Translation Statistics

The translation statistics plugin is a tool for finding missing translation strings in the DHIS 2 project.

Overview

Introduction

The translation statistics plugin is a tool for finding missing translation strings in the DHIS 2 project. It has been written as a Maven 2 plugin, and as such can be included in the build process. What it does is fairly straight forward:

  1. Finds all the translation files in the project (relative to the current path)
  2. Creates a data structure containing namespaces, locales and translations
  3. Creates coverage reports for each locale in a module, and lists missing translation strings for each locale.
  4. Creates a site HTML report (if run via the site-plugin)

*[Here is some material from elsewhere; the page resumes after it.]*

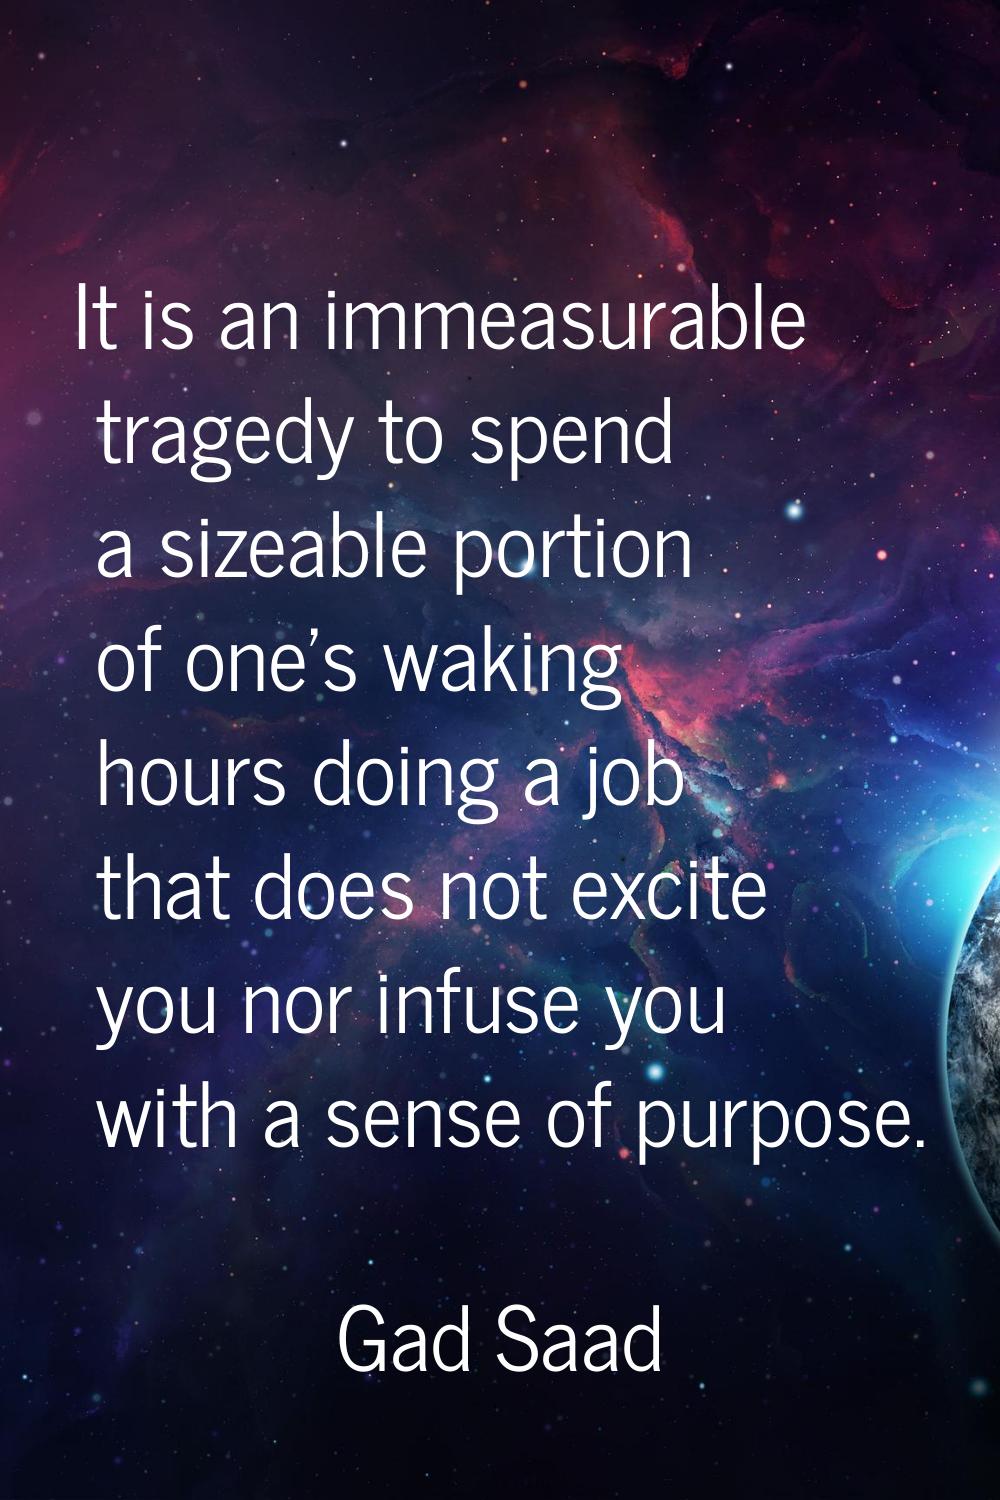 It is an immeasurable tragedy to spend a sizeable portion of one's waking hours doing a job that do

Here is a like to a Use Case diagram that illustrates the functions of the plug-in. dhis-i18n-Use-Case-diagram.png

It is worth noticing that at the time of writing, site has not been properly configured in DHIS 2. This means that the plugin must be run manually. This is not a major drawback, however, as we see that a natural way of working would be to run the plugin for each module during development.

Design

We chose to create the plugin by seperating it into three parts, and doing one part each. First part is the gathering of the files containing translations, then analyzing these files, and finally reporting the results. The plugin is defined as a maven report plugin (see http://docs.codehaus.org/display/MAVENUSER/Write+your+own+report+plugin for a quick introduction to report-plugins, while http://maven.apache.org/guides/plugin/guide-java-plugin-development.html gives a nice intro to maven plugin-development).

The main plugin class is GenerateI18nReport. Depending on how the plugin is called, one of two methods, execute() (if called manually) and executeReport() (if called by site) is called. These methods have more or less the same work-pattern, in that they:

  • Create a FileProvider-object
  • Creates a List of files containing translations by calling Fileprovider.getFilenames()
  • Creates a TranslationStatisticsEngine-object
  • Creates a TranslationStatistics-object by calling analyze("List")
  • Creates a ReportGenerator-object
  • Calls ReportGenerator.generateReports() or ReportGenerator.generateWebReports() depending on how the plugin was called

Thus the list of files is creates, analyzed and finally reported. Look at the following two links of UML class and sequence diagram for more detail on the design and internals of the plug-in.

Parameter Configuration

There are also two parameters associated with the plug-in. namely ignoreStr and matchedStr. The first one is the java Regular expression string that match?s the file names you wonted to ignore and the second one is the files you wonted to find. However these parameter er given a default value if the user doesn?t providing. The default value er specific to DHIS 2 file naming convention ass following.

  • matchedStr = ".?i18n.?"
  • ignoreStr = ".*?module
    ."

The user can configuring the parameter values for the plug-in by editing the Maven 2 project file pom.xml. the parameters are configured by specifying a configuration element where the child elements of the configuration element are each of the parameters name as part of defining the plugin in the project as following.

<build>
  <plugins>
    <plugin>
      <groupId>org.hisp.dhis</groupId>
      <artifactId> dhis-i18n-reportgenerator</artifactId>
      <configuration>
        <matchedStr>.*?i18n.*?</matchedStr>
        <ignoreStr>.*?module\\.</ignoreStr>
      </configuration>
    </plugin>
  </plugins>
</build>

This following gives a nice intro to maven plug-in parameter configuration. http://maven.apache.org/guides/mini/guide-configuring-plugins.html

Configuration for running with Site

One final thing is that for site to pick up the plugin and be able to produce a web-report, the following needs to be added to the root pom.xml of the project:

<reporting>
  <plugins>
     <plugin>
       <groupId>org.hisp.dhis</groupId>
       <artifactId>dhis-i18n-reportgenerator</artifactId>
     </plugin>
  </plugins>
</reporting>

At the moment site is not set up for the project, so these lines have not been added, as it would serve no purpose. Running site will still generate the report with just these lines added though, no further setup is needed if all that is wanted is simple HTML-report of the current translation-coverage.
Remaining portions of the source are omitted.